Best Ways to Enjoy It
Serve these bowls warm for a cozy weeknight dinner. They also taste wonderful at room temperature for a quick lunch. Add a side of warm pita bread for extra comfort. Pack them into glass containers for easy weekday meal prep. Sit back, relax, and enjoy every fresh bite.
Keep It Fresh
Store your assembled bowls in the fridge for up to four days. Keep the tzatziki in a small separate container if you can. This prevents the vegetables from getting too soft over time. Reheat the chicken and quinoa gently in the microwave. The fresh salad stays crisp and delicious when cold.
Tips for Best Results
- Always rinse your quinoa to remove any natural bitterness.

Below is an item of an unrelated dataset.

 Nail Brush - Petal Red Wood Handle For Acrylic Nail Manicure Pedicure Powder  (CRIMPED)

- Don’t skip the fresh lemon zest for maximum flavor.
- Cut chicken into even pieces so they cook at the same time.
- Use English cucumbers because they have thinner skin and fewer seeds.
- Make the vegetable salad while the chicken is browning.

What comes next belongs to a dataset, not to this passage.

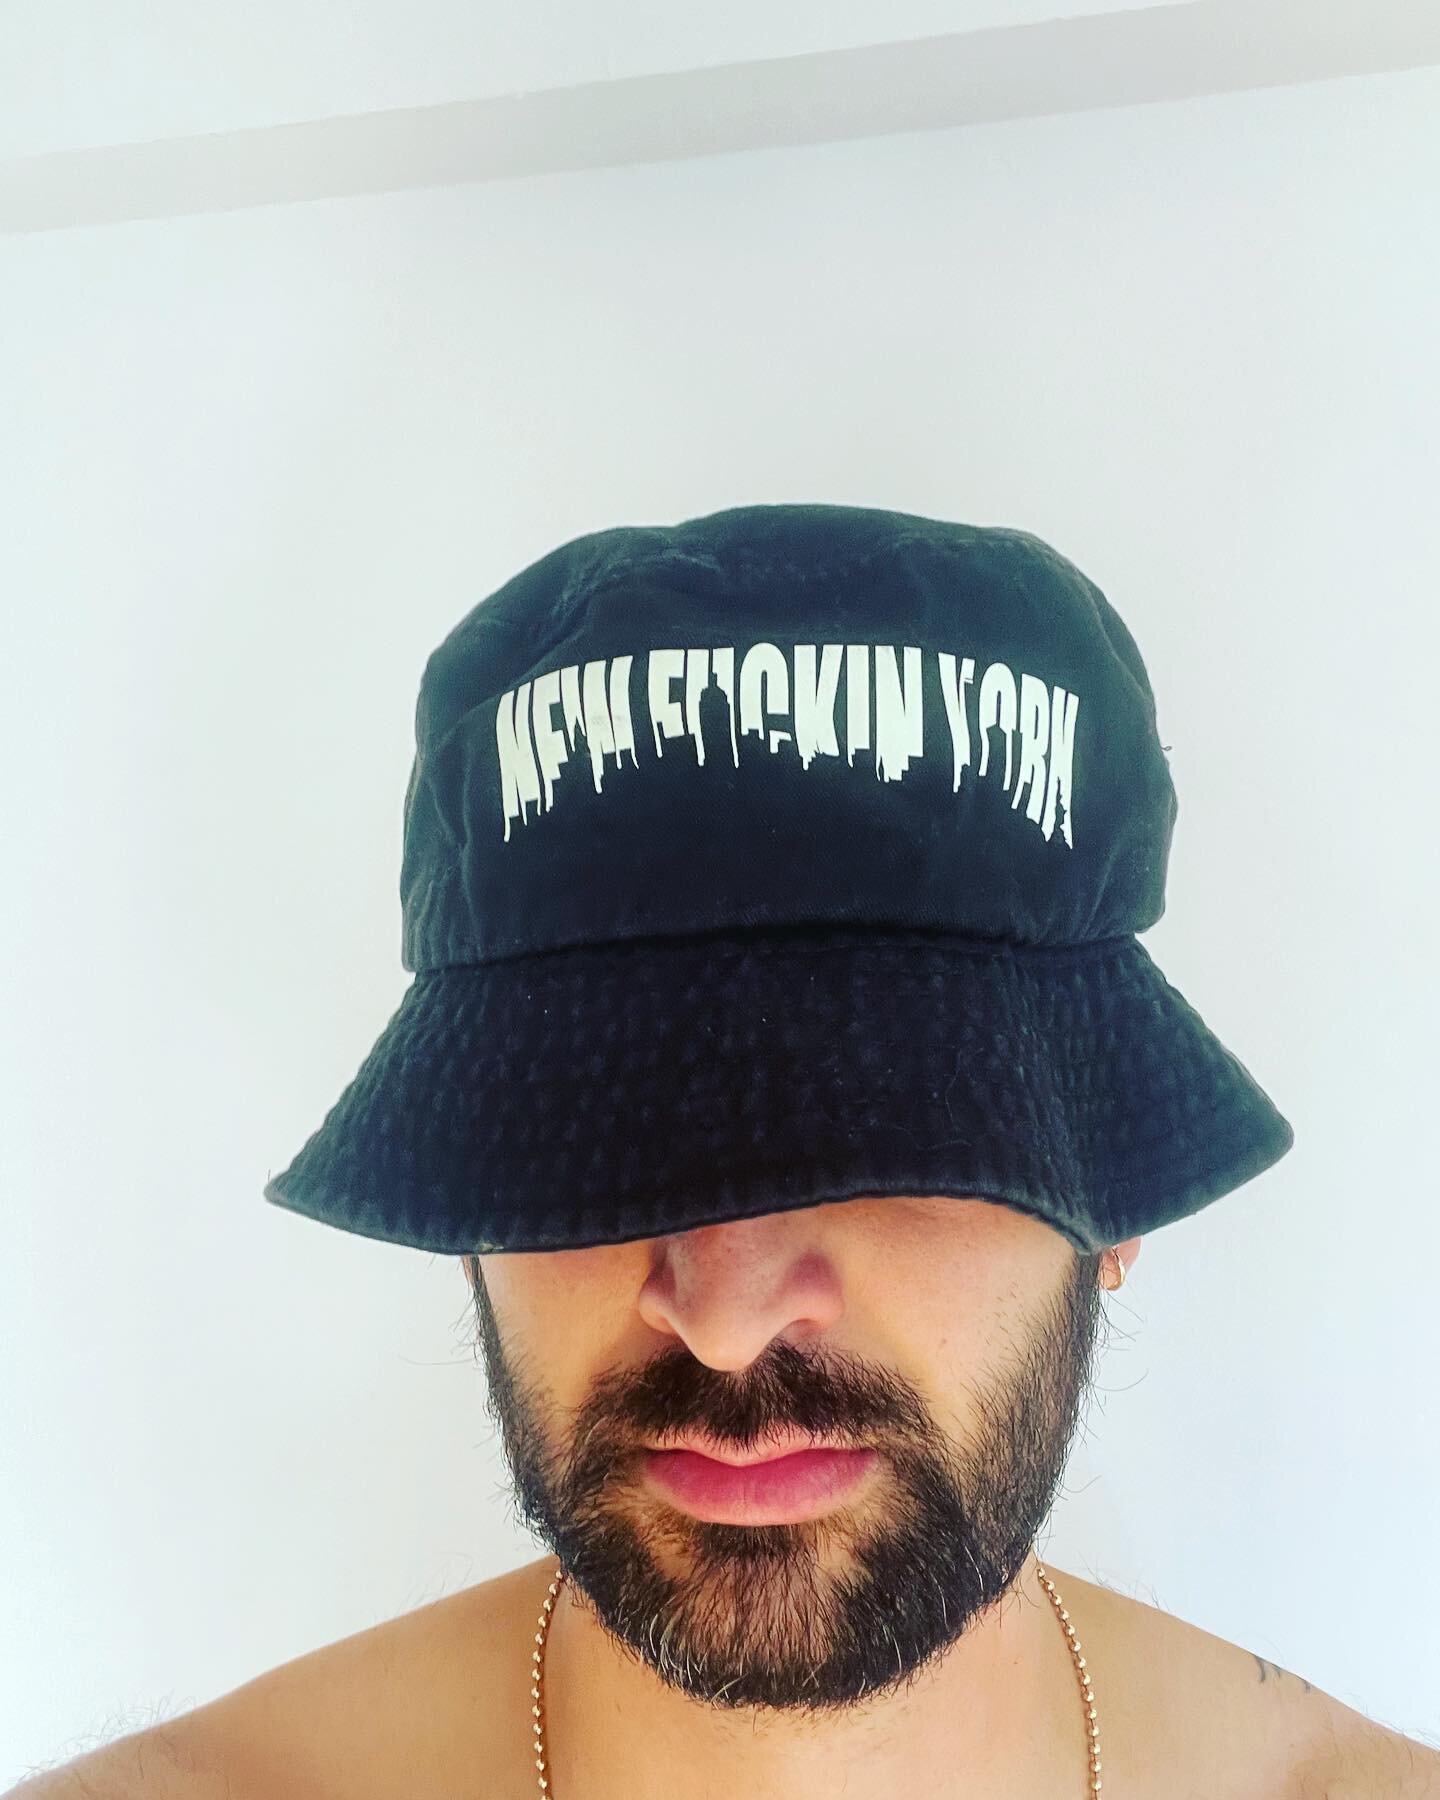 NEW SWAG - &ldquo;Tourist Hat&rdquo; 2022 &ldquo;New Fuckin York&rdquo; glo-in-the-dark ink &hellip; Been working on these for a while partly as an homage to the ever disappearing tourist shops on canal street which are being replaced with soho bouti

- Add a splash of water when reheating quinoa to keep it fluffy.
- Try grilling the chicken for a smoky summer twist.
Ways to Switch It Up
- Swap the chicken for chickpeas for a vegetarian-friendly option.
- Use brown rice or farro if you prefer a heartier grain.
- Add kalamata olives for a salty, Mediterranean punch.
- Replace tzatziki with a scoop of creamy hummus instead.
Common Questions
Can I make this recipe ahead of time?
Yes, this is one of my favorite meal prep recipes. The flavors actually meld together even better the next day. Just keep the dressing or sauce separate until serving.
Is this recipe gluten-free?
It certainly is! Quinoa is a naturally gluten-free seed that acts like a grain. Just ensure your chicken broth is certified gluten-free as well.
I hope these bright bowls bring a little sunshine to your kitchen this week. They are the perfect way to feel energized and satisfied. Happy cooking!
— Katie Wood
Ingredients
- 1.5 lbs boneless skinless chicken breast, cut into 1-inch cubes
- 1 cup white quinoa, thoroughly rinsed
- 2 cups low -sodium chicken broth
- 3 tbsp extra virgin olive oil, divided
- 2 tbsp fresh lemon juice
- 1 tsp lemon zest
- 1 tsp dried oregano
- 0.5 tsp garlic powder
- 1 cup English cucumber, diced
- 1 cup cherry tomatoes, halved
- 0.25 cup red onion, finely diced
- 0.5 cup crumbled feta cheese
- 0.5 cup tzatziki sauce
- 0.5 tsp kosher salt
- 0.25 tsp black pepper
Instructions
- Combine rinsed quinoa and chicken broth in a medium saucepan over high heat. Bring to a boil, then reduce heat to low, cover, and simmer for 15 minutes or until liquid is fully absorbed.
- Remove quinoa from heat. Stir in lemon juice, lemon zest, and 1 tablespoon of olive oil. Fluff with a fork and set aside.
- In a mixing bowl, toss the cubed chicken with dried oregano, garlic powder, salt, pepper, and 1 tablespoon of olive oil until evenly coated.
- Heat the remaining 1 tablespoon of olive oil in a large non-stick skillet over medium-high heat. Add the chicken and cook for 8 to 10 minutes, stirring occasionally, until golden brown and the internal temperature reaches 165°F (74°C).
- In a separate small bowl, toss together the diced cucumber, cherry tomatoes, and red onion.
- Distribute the lemony quinoa equally among four meal prep containers or bowls. Top each with a portion of the cooked chicken, the cucumber-tomato salad, 2 tablespoons of crumbled feta, and a dollop of tzatziki sauce.